Processive kinetics in the three-step lanosterol 14α-demethylation reaction catalyzed by human cytochrome P450 51A1.

Cytochrome P450 (P450, CYP) family 51 enzymes catalyze the 14α-demethylation of sterols, leading to critical products used for membranes and the production of steroids, as well as signaling molecules. In mammals, P450 51 catalyzes the 3-step, 6-electron oxidation of lanosterol to form (4ß,5α)-4,4-dimethyl-cholestra-8,14,24-trien-3-ol (FF-MAS).
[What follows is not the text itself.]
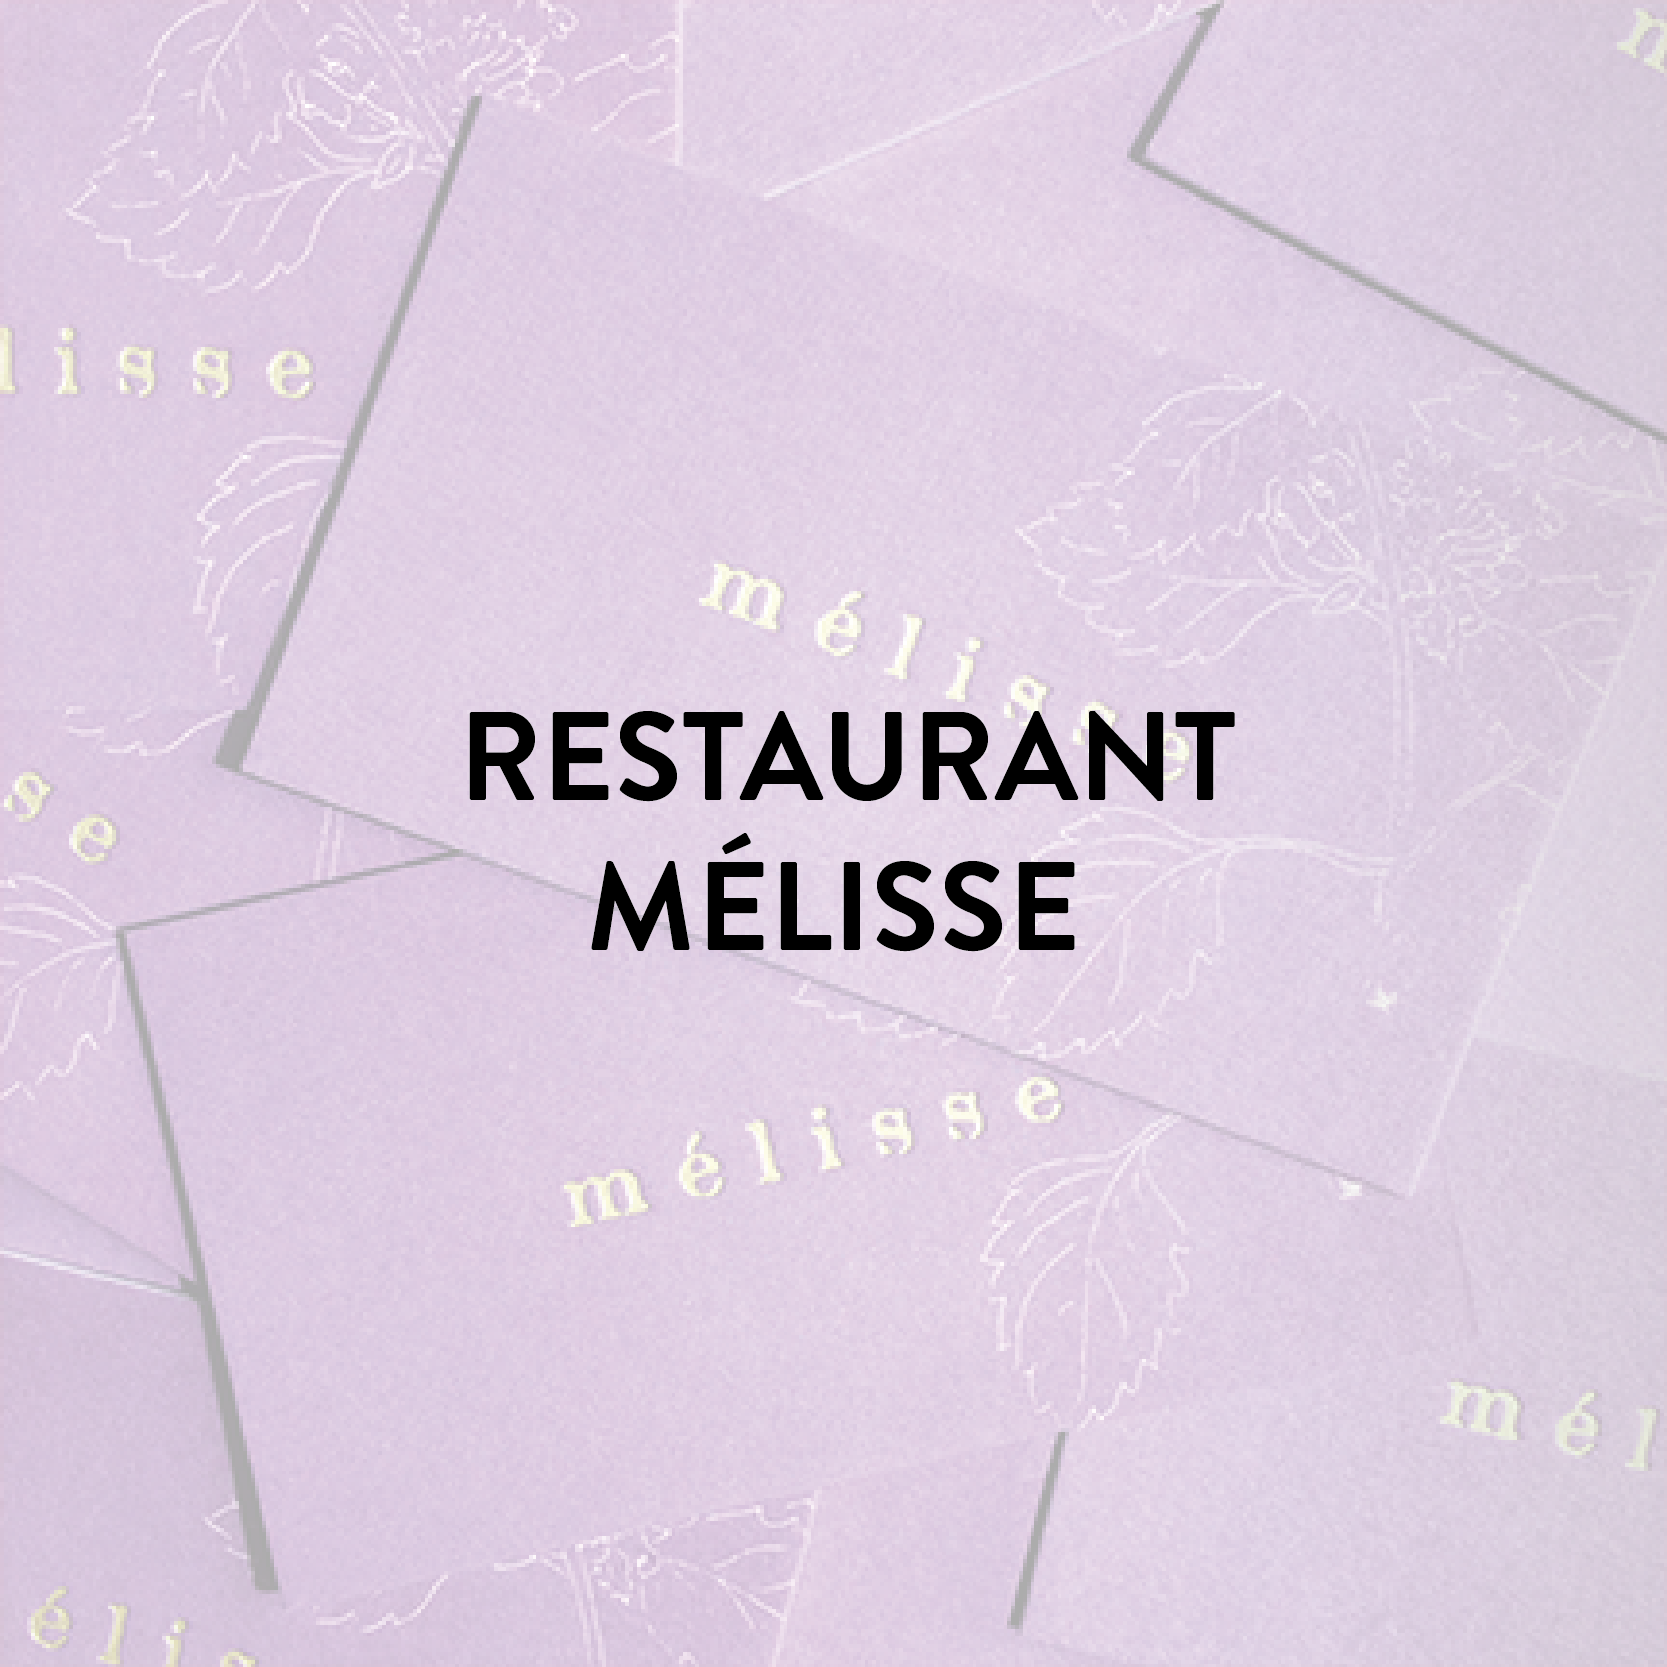 Restaurant Mélisse

P450 51A1 can also use 24,25-dihydrolanosterol (a natural substrate in the Kandutsch-Russell cholesterol pathway). 24,25-Dihydrolanosterol and the corresponding P450 51A1 reaction intermediates, the 14α-alcohol and -aldehyde derivatives of dihydrolanosterol, were synthesized to study the kinetic processivity of the overall 14α-demethylation reaction of human P450 51A1. A combination of steady-state kinetic parameters, steady-state binding constants, dissociation rates of P450-sterol complexes, and kinetic modeling of the time course of oxidation of a P450-dihydrolanosterol complex showed that the overall reaction is highly processive, with koff rates of P450 51A1-dihydrolanosterol and the 14α-alcohol and 14α-aldehyde complexes being 1 to 2 orders of magnitude less than the forward rates of competing oxidations. epi-Dihydrolanosterol (the 3α-hydroxy analog) was as efficient as the common 3ß-hydroxy isomer in the binding and formation of dihydro FF-MAS. The common lanosterol contaminant dihydroagnosterol was found to be a substrate of human P450 51A1, with roughly one-half the activity of dihydrolanosterol. Steady-state experiments with 14α-methyl deuterated dihydrolanosterol showed no kinetic isotope effect, indicating that C-14α C-H bond breaking is not rate-limiting in any of the individual steps. The high processivity of this reaction generates higher efficiency and also renders the reaction less sensitive to inhibitors.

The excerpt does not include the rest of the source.